• [Material provided]

⟨

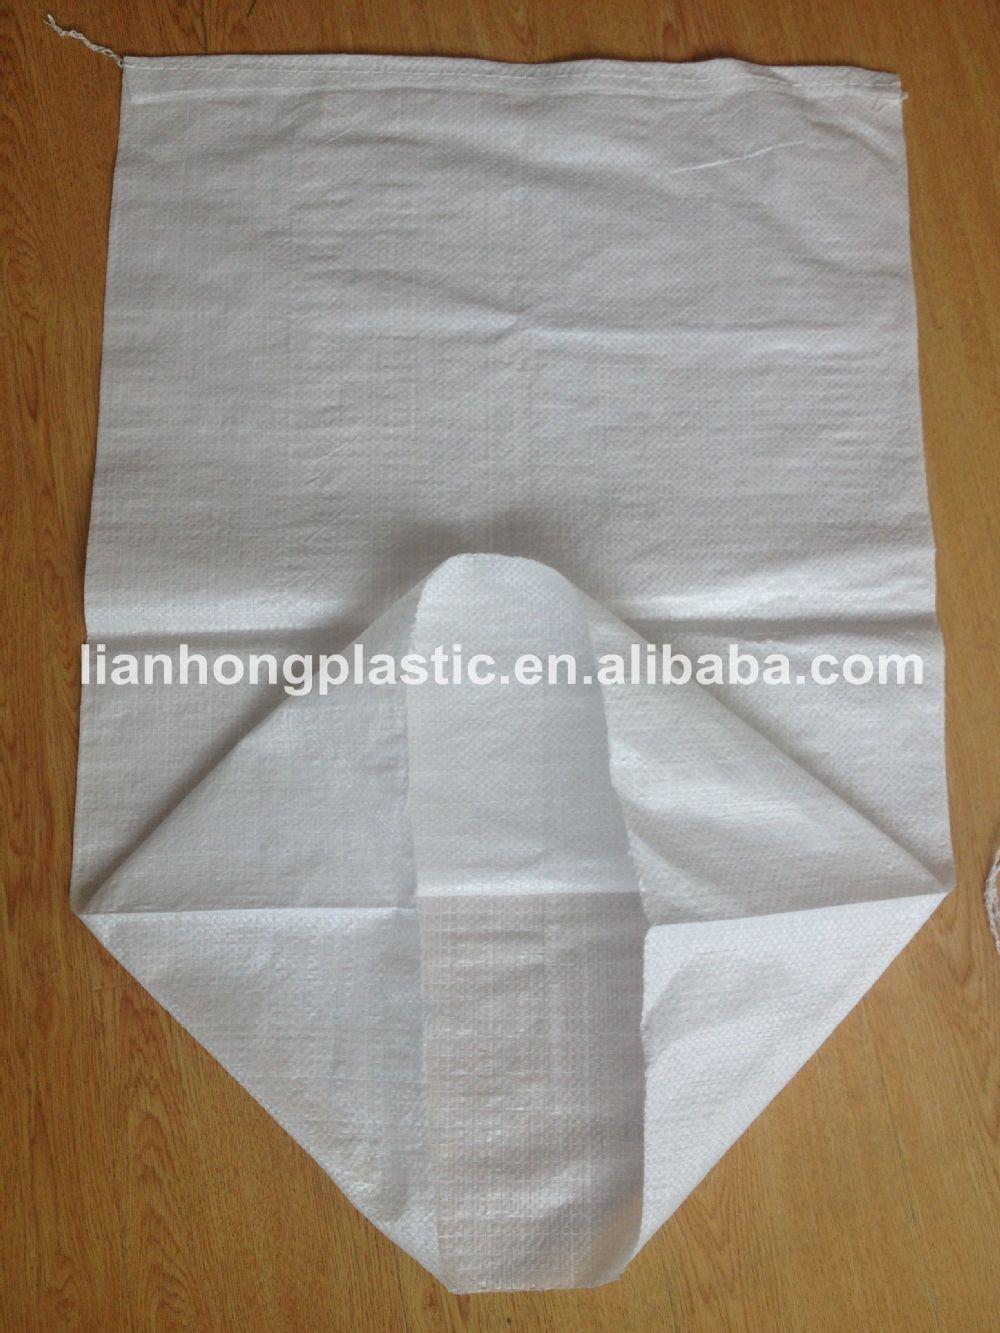 Pp Woven Sack/bag For Flour/rice 50kg Polypropylene Woven Bag,25kg ...
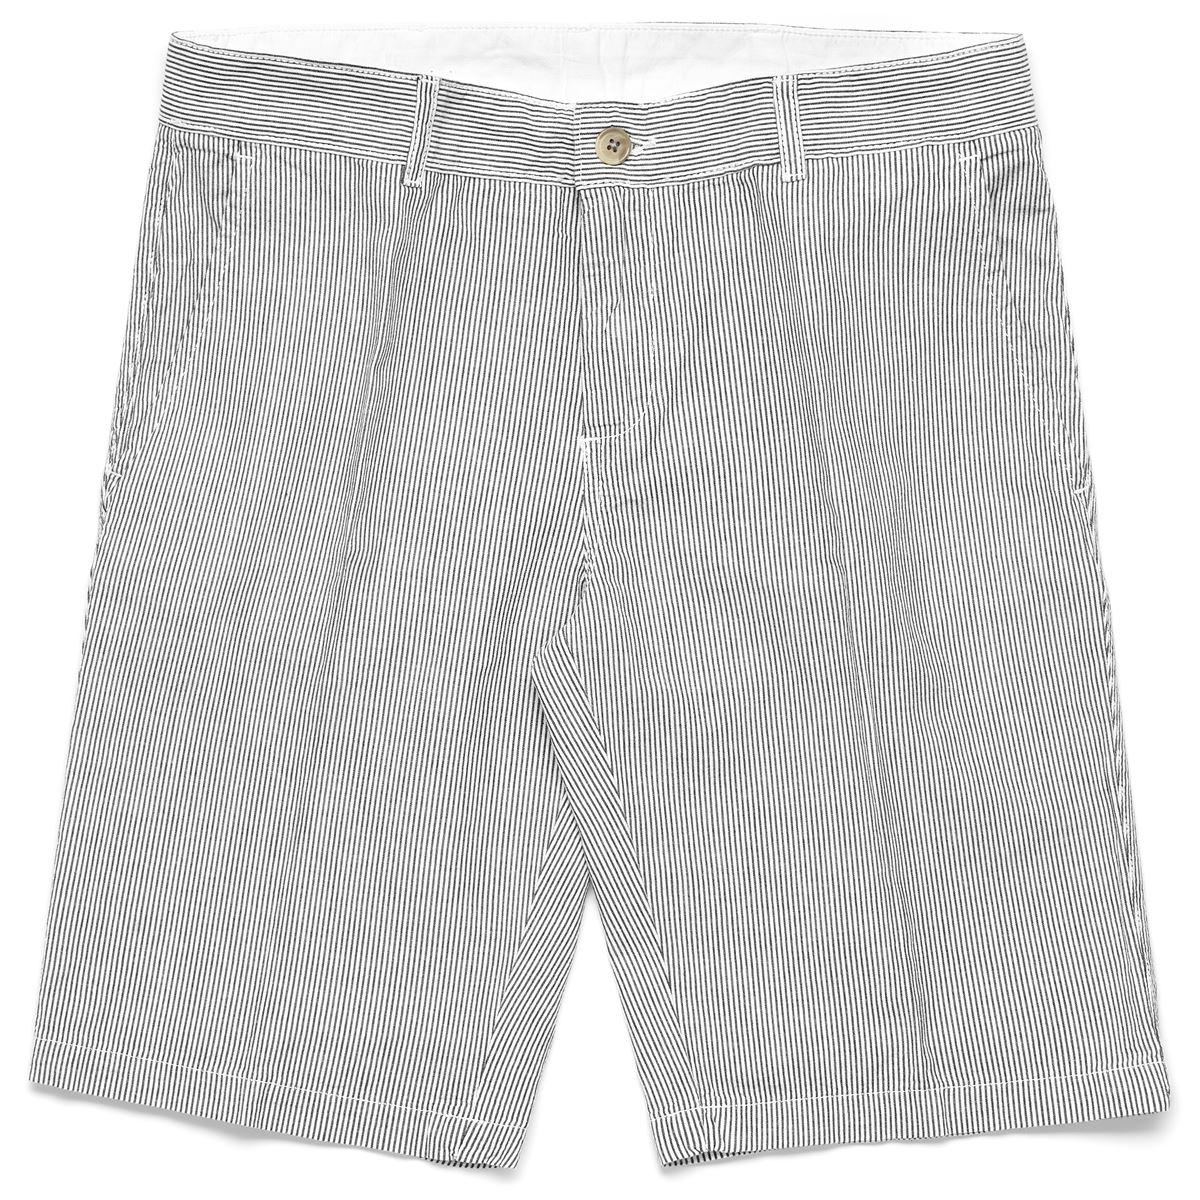 Robe di Kappa Pantaloncini uomo-661142W
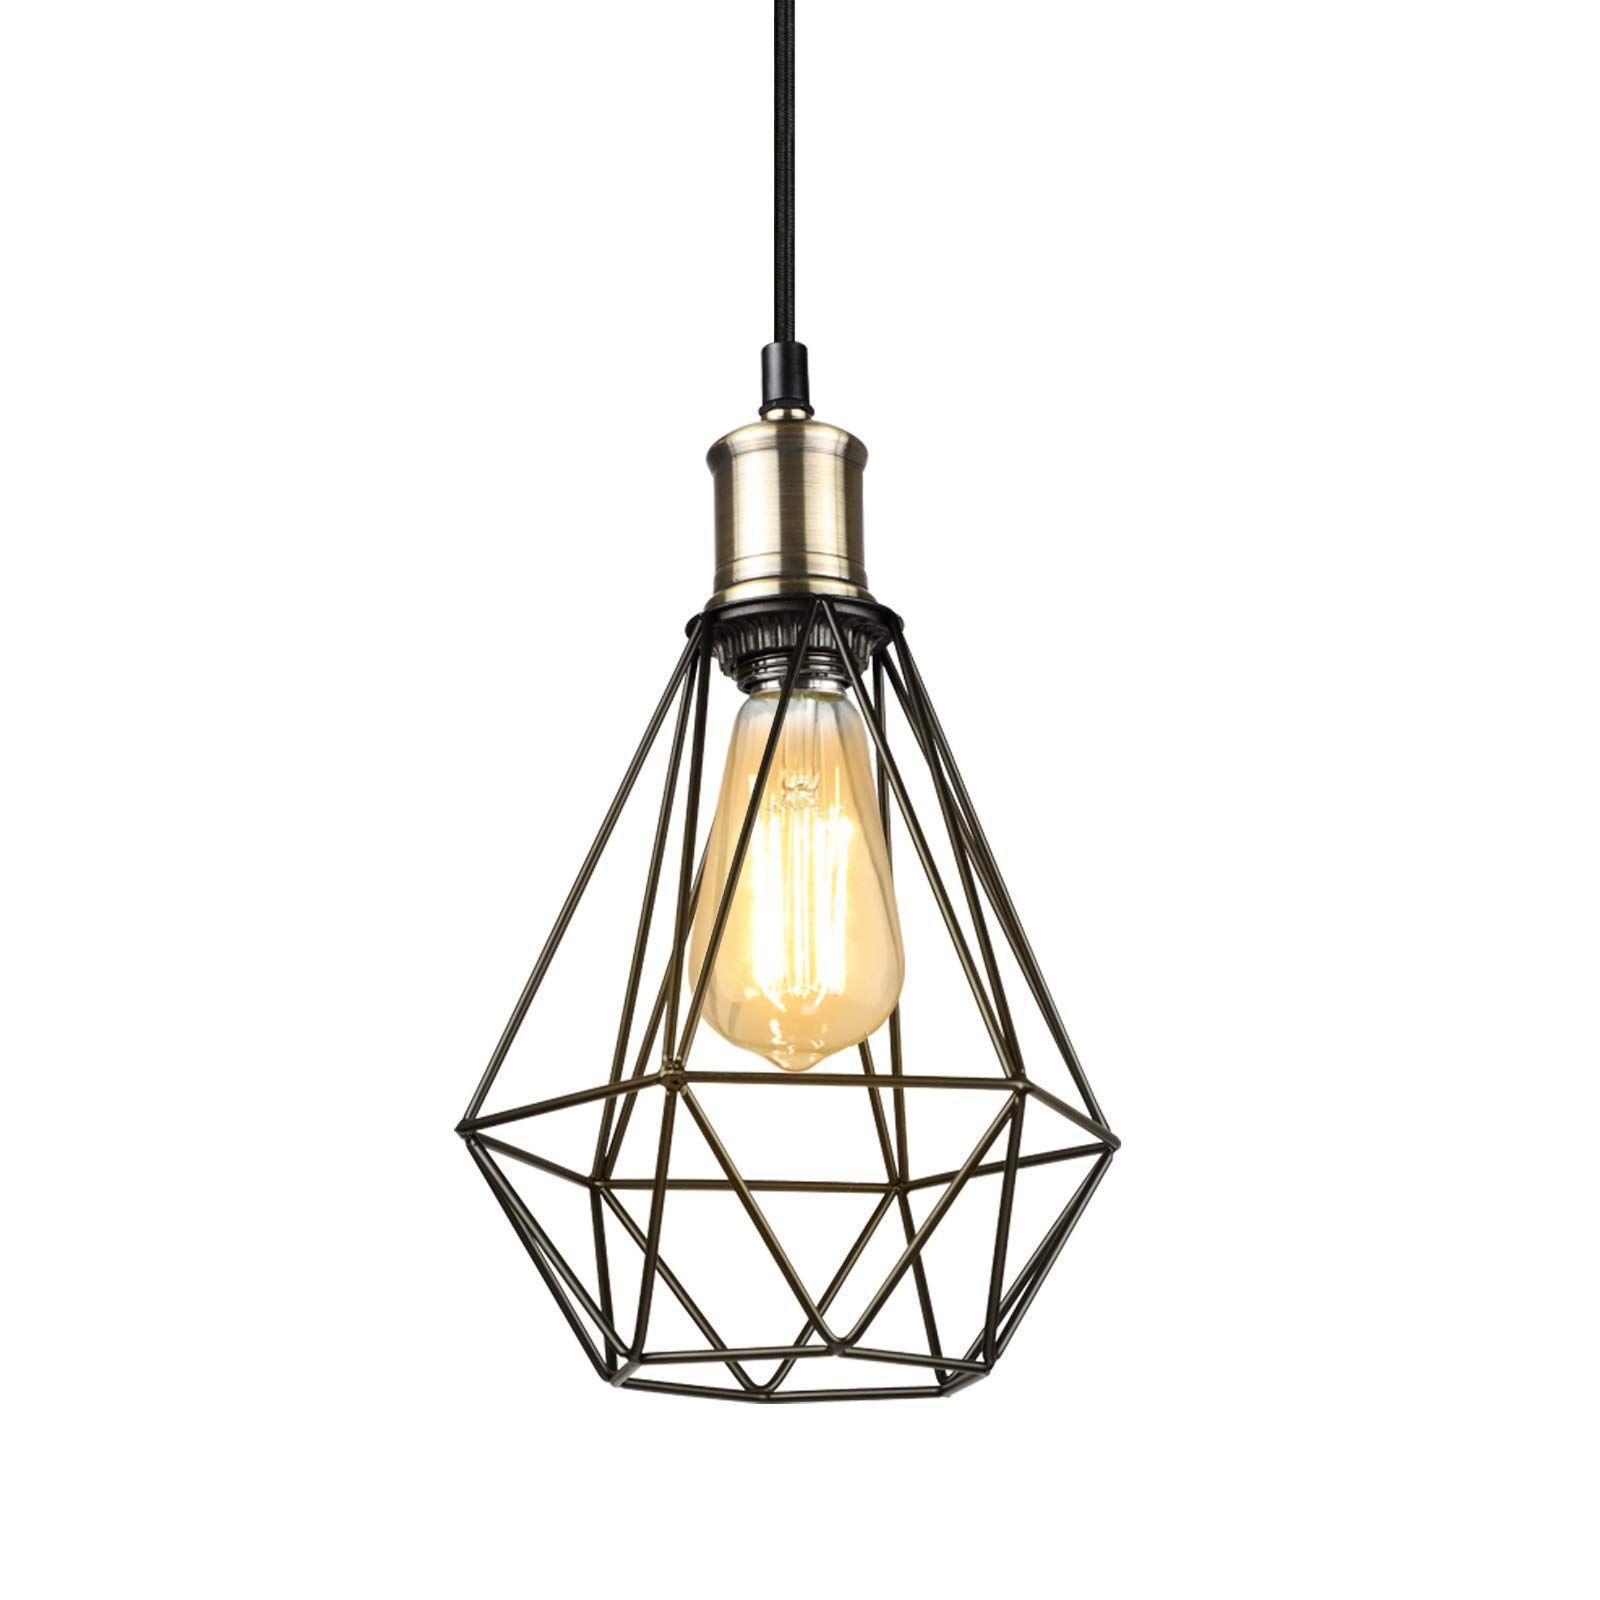 Ascher Industrial Pendant Light Black Metal Cage Hanging Ceiling Lamp Adjustable Cord E26 Base Ceiling Lig Ceiling Lights Ceiling Lamp Hanging Ceiling Lamps

⟩

• [Aim of the task] All of the material above must be retyped exactly, line for line, with the images dropped.

• [Expected answer]
 Pp Woven Sack/bag For Flour/rice 50kg Polypropylene Woven Bag,25kg ...
 Robe di Kappa Pantaloncini uomo-661142W
 Ascher Industrial Pendant Light Black Metal Cage Hanging Ceiling Lamp Adjustable Cord E26 Base Ceiling Lig Ceiling Lights Ceiling Lamp Hanging Ceiling Lamps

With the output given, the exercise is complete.